Representative James Comer of Kentucky, who is in line to become chairman of the Oversight Committee, and Representative Jim Jordan of Ohio, who is expected to be chairman of the Judiciary Committee, planned to hold a news conference Thursday morning on “investigative actions.”

The White House declined to comment.

But it has been gearing up for the oversight battles ahead as well, by compiling research on Republican arguments and the members of Congress making them, including trawling deeply conservative corners of the internet to build out a rapid-response database, according to a person familiar with the effort.

The White House also added lawyers and communications staff members, while working with outside lawyers to prepare for an anticipated barrage of subpoenas, as well as possible efforts to impeach Mr. Biden. An administration official said that additional personnel would be added to handle the inquiries in the White House and the agencies under Republican scrutiny, including the Defense Department, the Education Department, the Health and Human Services Department, the Homeland Security Department and the State Department.

“Republicans are going to launch baseless broadsides against the White House,” Eric Schultz, who handled the Obama administration’s response to congressional oversight investigations, said in an interview. “They already have been. Holding them accountable for their own word as a measure of their credibility, that’s entirely fair game.”

Hunter Biden will be assisted in the congressional investigations by Joshua A. Levy, who previously represented the opposition research firm Fusion GPS when it became the target of Republican congressional investigations.

Mr. Levy declined to comment.

Hunter Biden himself has mostly stayed quiet as Republicans have worked to make him into a boogeyman.

It is a void that Mr. Brock and Kevin Morris, a close adviser to Hunter Biden, are preparing to fill.

Mr. Morris, a Hollywood lawyer who has been helping Hunter Biden with financial and legal support, offered to collaborate with the Facts First effort during a meeting in September in Los Angeles with Mr. Brock, according to people familiar with the meeting.

Mr. Morris has assembled a team of lawyers, computer forensic experts and public relations professionals, according to a person familiar with Mr. Morris’s plans. They have discussed plans to go on offense against allies of Mr. Trump who targeted Hunter Biden, including those who disseminated or highlighted a cache of files with embarrassing information that appears to have come from an abandoned laptop.

Mr. Brock has far more political experience than Mr. Morris, but he also has a track record of bare-knuckle tactics that have drawn criticism on both sides of the aisle.

Once a self-described “right-wing hit man,” Mr. Brock switched sides and became an ardent supporter of Hillary Clinton, setting up a political action committee that coordinated with her 2016 presidential campaign to defend her against media scrutiny and attacks from rivals.

Over the last two decades, Mr. Brock built a network of nonprofit groups that are supported by some of the biggest donors on the left, and that play important roles in the Democratic Party’s ecosystem.

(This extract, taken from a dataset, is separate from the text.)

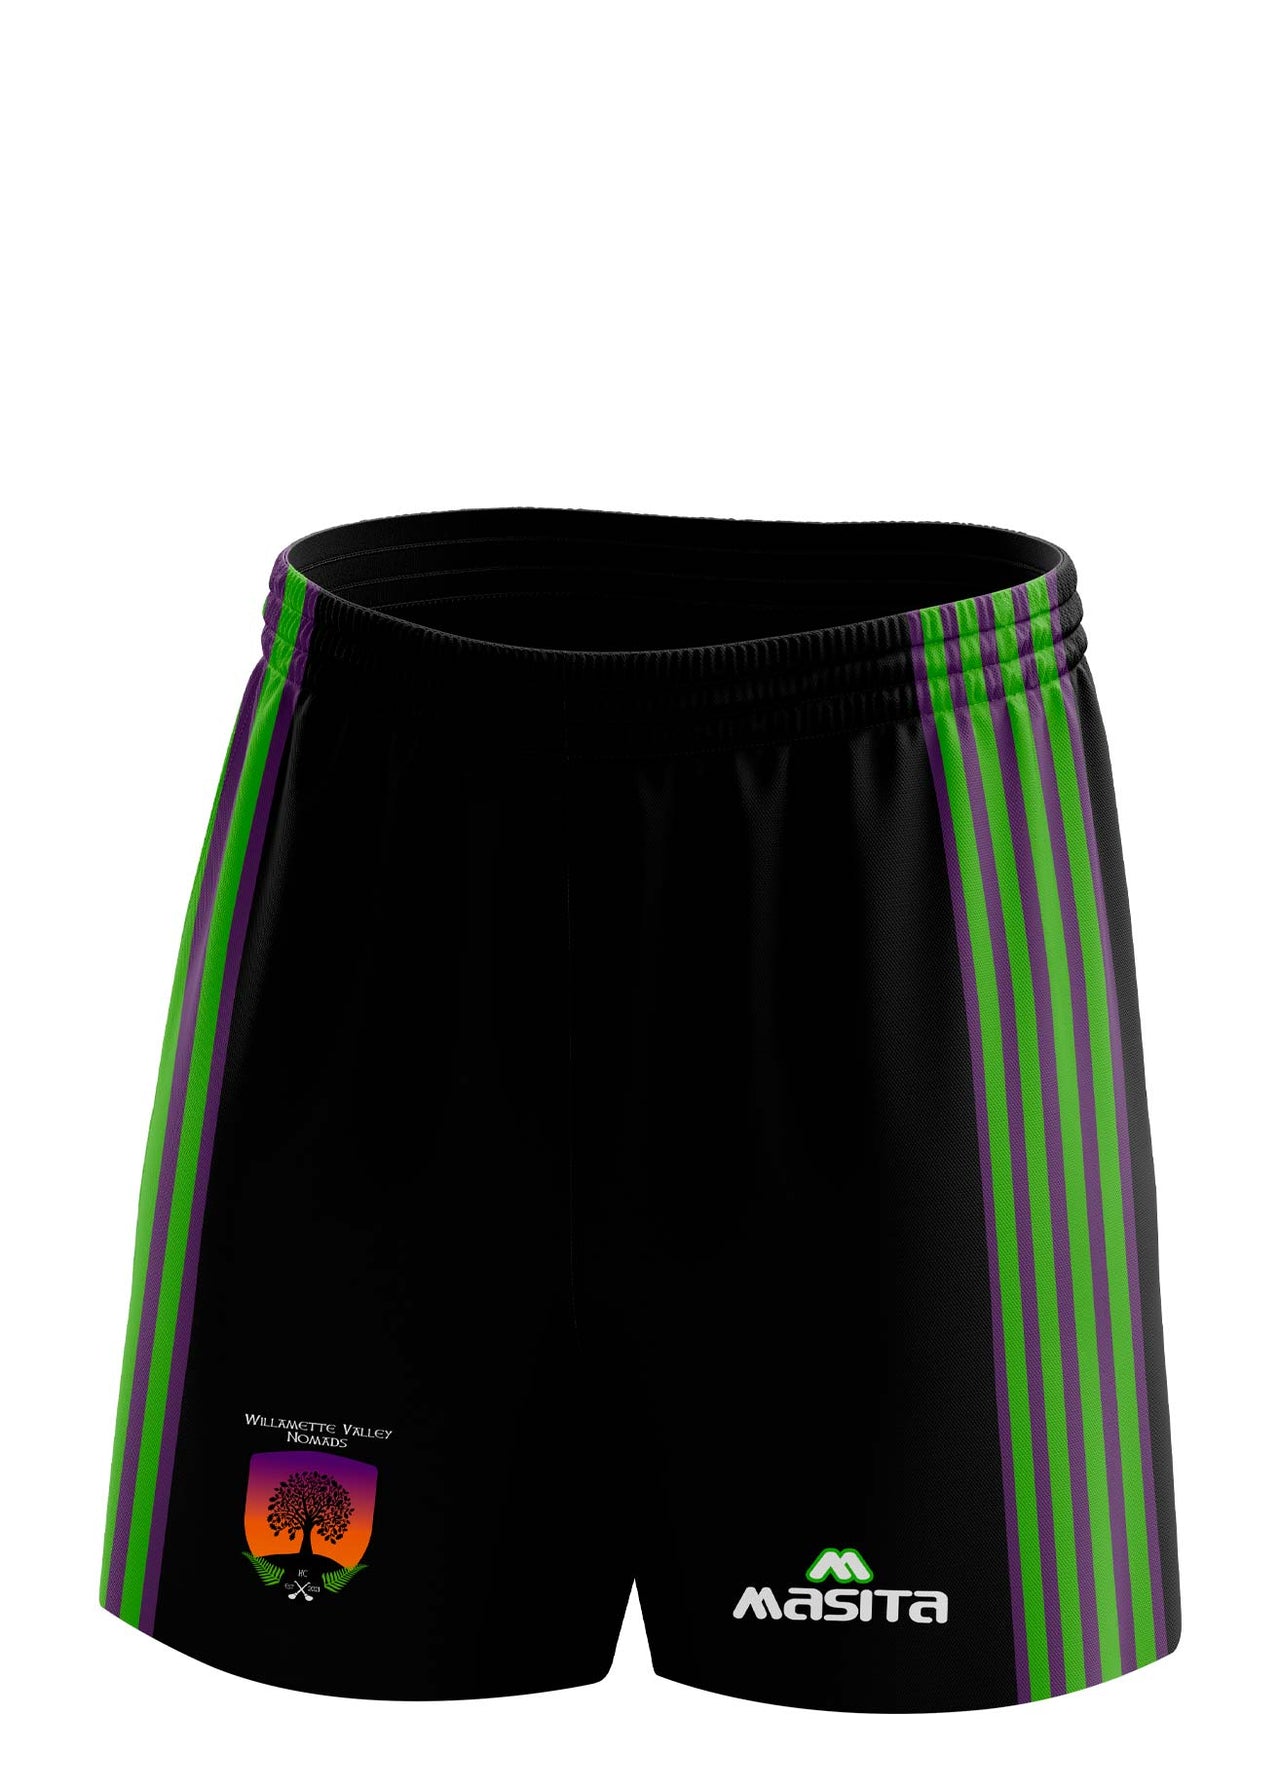 Willamette Valley Nomads Training Shorts Adult

Mr. Brock is stepping away from his position as chairman of two of his main groups, Media Matters and American Bridge, to focus on Facts First USA, for which he will serve as president. It is in some ways modeled on the PAC he used to attack Mrs. Clinton’s rivals, and he left open the door to Facts First coordinating with the White House, the Democratic National Committee or other Democratic groups, including a potential Biden campaign, if the president declared for re-election.

“We’re an outside independent group,” he said, “and we hope that lots of people are willing to join the fight against Republican disinformation and conspiracy mongering, including the White House and all allied groups.”

His group, the Congressional Integrity Project and the White House seem aligned so far on one thing — targeting the Republicans driving the oversight.

Mr. Brock’s group and the White House are assembling research intended to cast Republicans involved in the oversight as hypocrites, pointing to those who defied subpoenas in the congressional investigation into the Jan. 6 attack on the Capitol.

Michael S. Schmidt contributed reporting.